Check out the documentation for Decision Tree Classifiers and implement one for the Restaurant dataset. Print out your decision tree and its accuracy. (It's a small dataset so using all the data for training is OK). Unfortunately the scikit-learn tree classifiers require numberical data so we will label encode our dataset first. (One hot encoding is also a possibility).

In [5]:
from sklearn import preprocessing
le = preprocessing.LabelEncoder()
for c in df.columns:
    le.fit(df[c])
    df[c] = le.transform(df[c])
In [ ]:
## Create your training X and y (you can use the whole dataset)
## use scikit-learn to make a decision tree
## calculate its accuracy and metrics

Because of the required encoding, and renaming of features, it's not easy to interpret this tree and compare it to the ones we made in class. Nevertheless, it's a good little example of how to make a decision tree in scikit-learn. In a later notebook we'll look at a tree made using the algorithm from class.

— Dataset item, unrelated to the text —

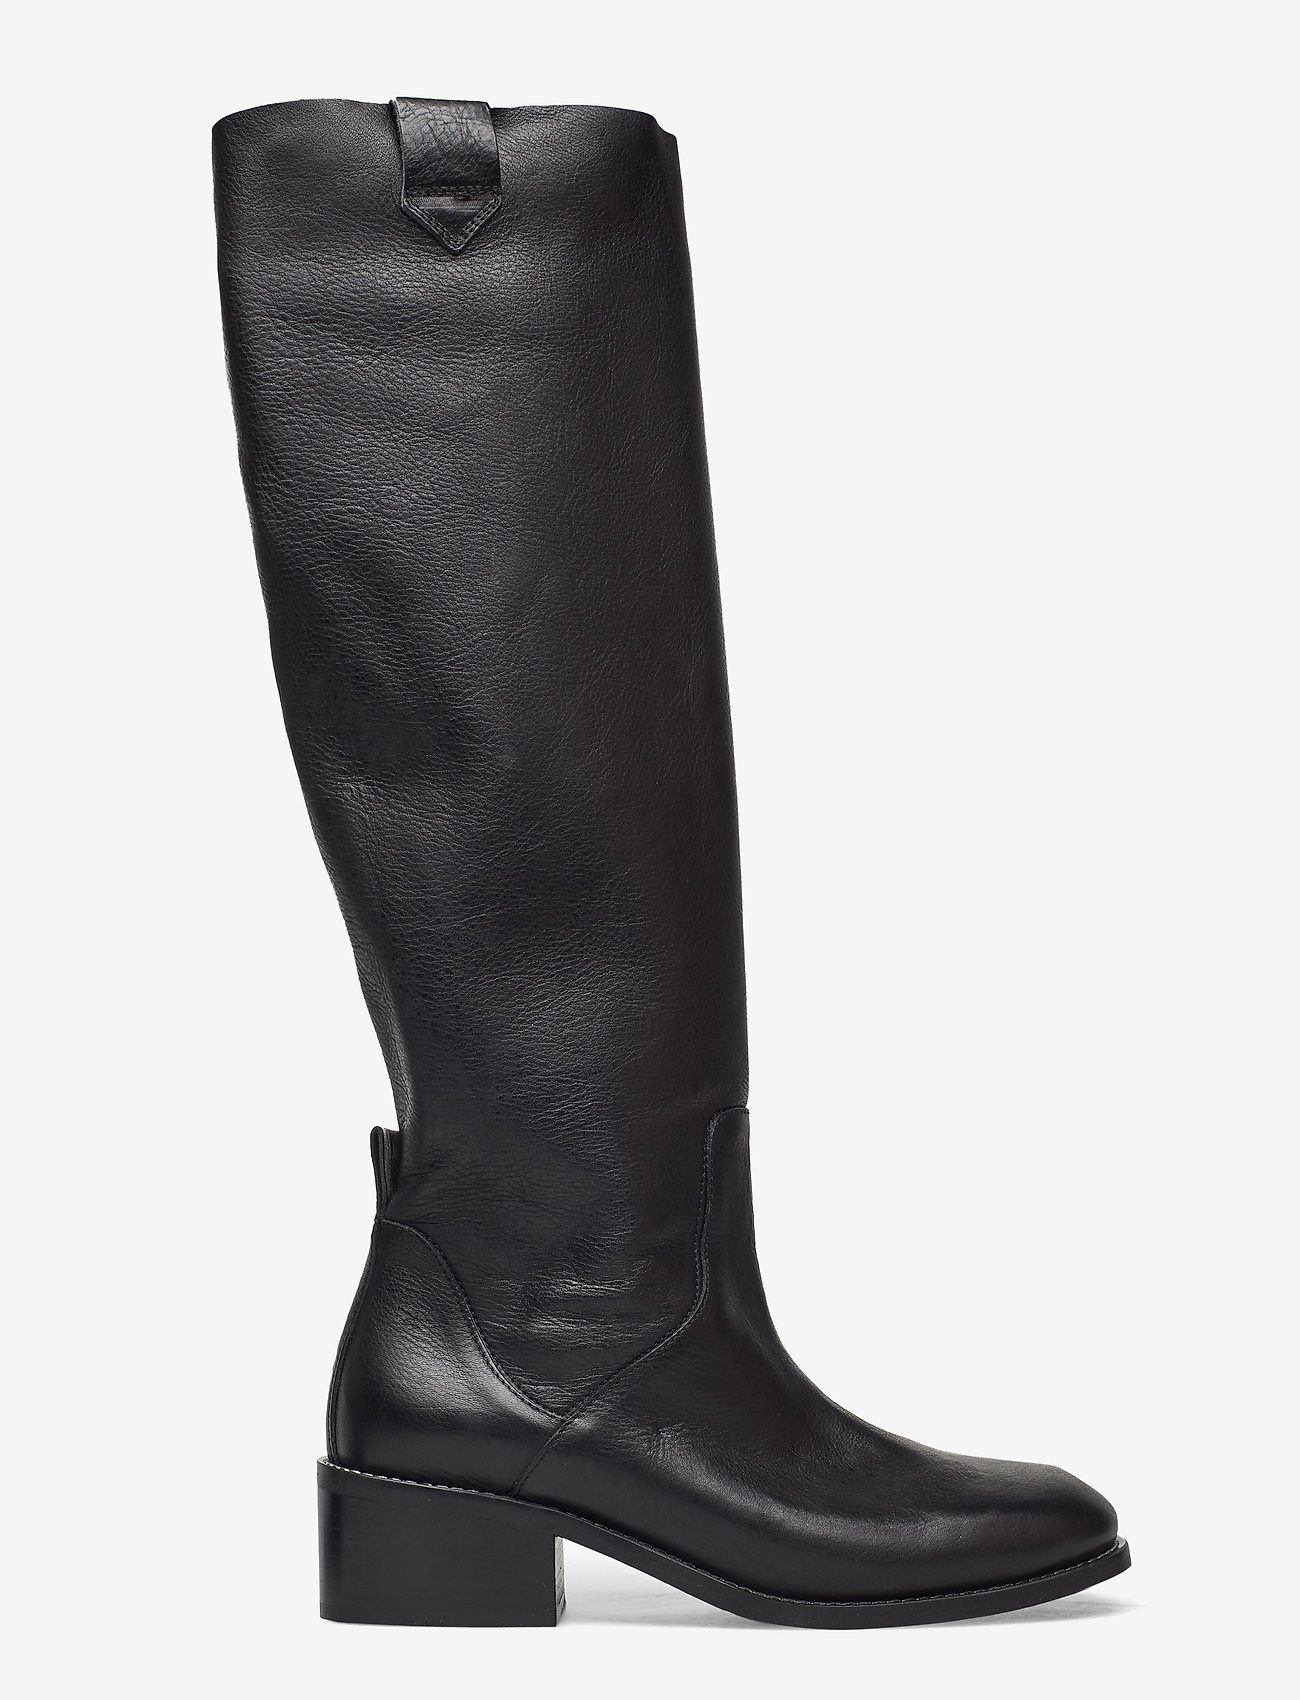 Nude of Scandinavia - SARA - lange laarzen - saratoga/nero - 1

Part 2: The entropy of English¶

Install nltk (natural language toolkit) following the commands below.

In [ ]:
!pip install nltk

The next cell will open an interactive window (which is a bit weird). Follow the prompts to download a library called 'brown'

In [ ]:
import nltk

## delete the next line after you download "brown" (or comment it)
nltk.download()

brown.words is a list of words

In [ ]:
from nltk.corpus import brown
In [ ]:
brown.words()
In [ ]:
len(brown.words())

Your job is to use these words to compute, using standard python, the entropy of the English language. Only consider 27 characters -- the alphabet plus space.

In [18]:
# your code!